Translational science will be another key biopharmaceutical research area in 2013. NIH Director Dr. Francis Collins wrote that "little focused effort has been devoted to the translational process itself as a scientific problem amenable to innovation." With a mission to catalyze private sector R&D, NIH's National Center for Advancing Translational Sciences recently became operational. New translational technologies will model disease and systems biology more effectively, predict drug safety and efficacy earlier and more accurately, and provide clinical biomarkers for diagnosis and prediction of therapeutic response.
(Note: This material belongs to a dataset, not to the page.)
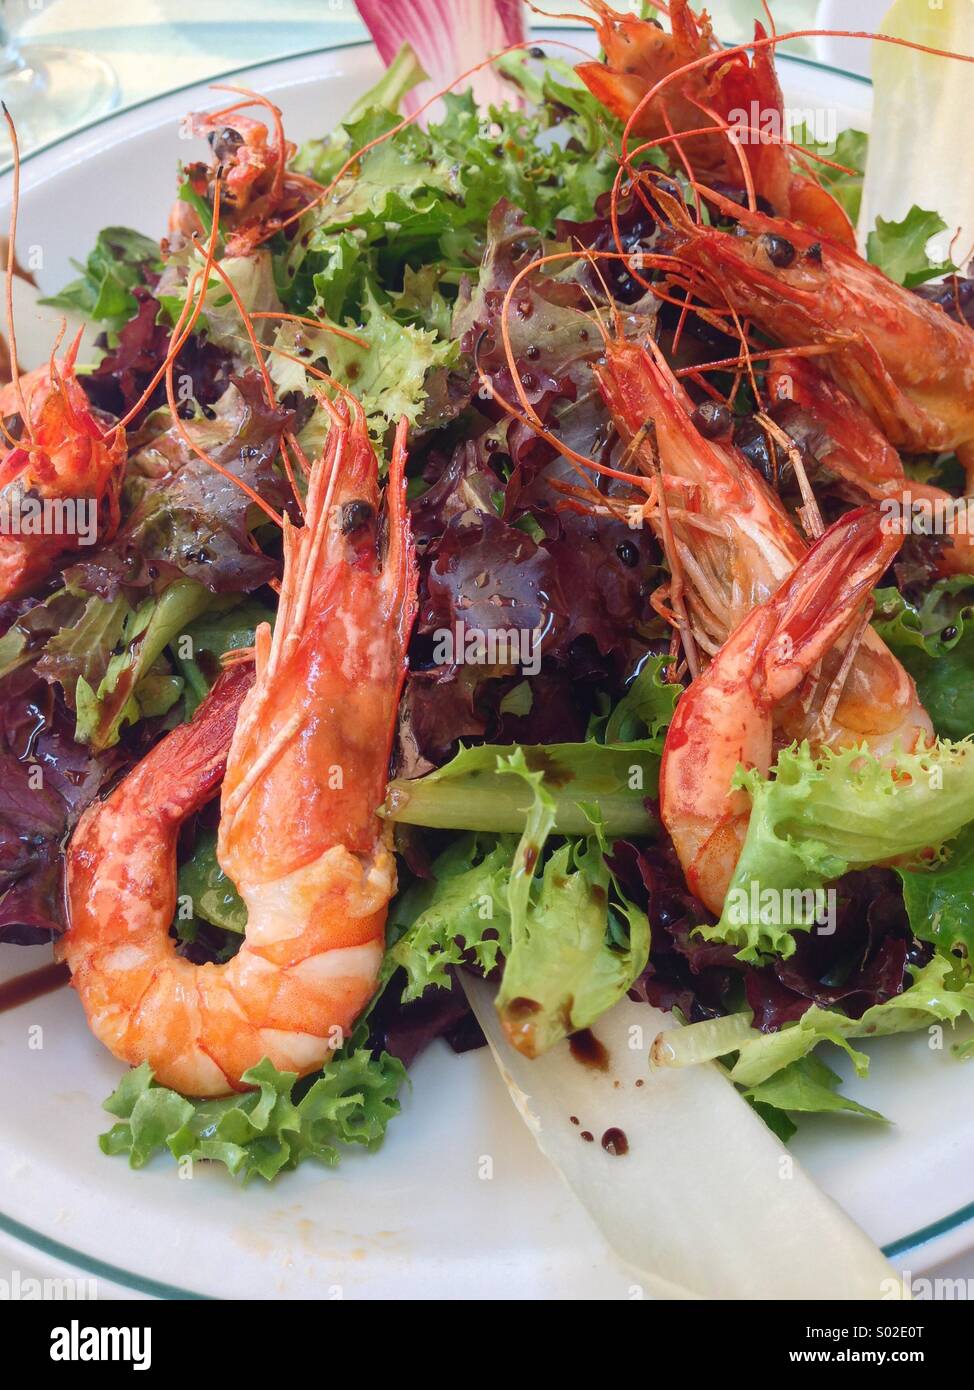 Shrimps seafood with green salad Stock Photo

The medical device industry has traditionally leveraged venture capital to fund early-stage innovation. The outlook for 2013, however, may follow a recent trend of restraint, with medtech venture investments in the first nine months of 2012 at only 76% of the prior five years' average. Some attribute the issue to pricing and tax uncertainty under the ACA, while others see emphasis on capital-efficiency and ROI. Although some operating decisions have been linked to these uncertainties, research at larger companies appears to be less sensitive. In addition to continuing to develop innovative products in their core markets, companies like GE and Medtronic are making R&D investments to improve value to customers. Partnering is gaining momentum as a risk-managed way to integrate capabilities from multiple domains into increasingly sophisticated devices.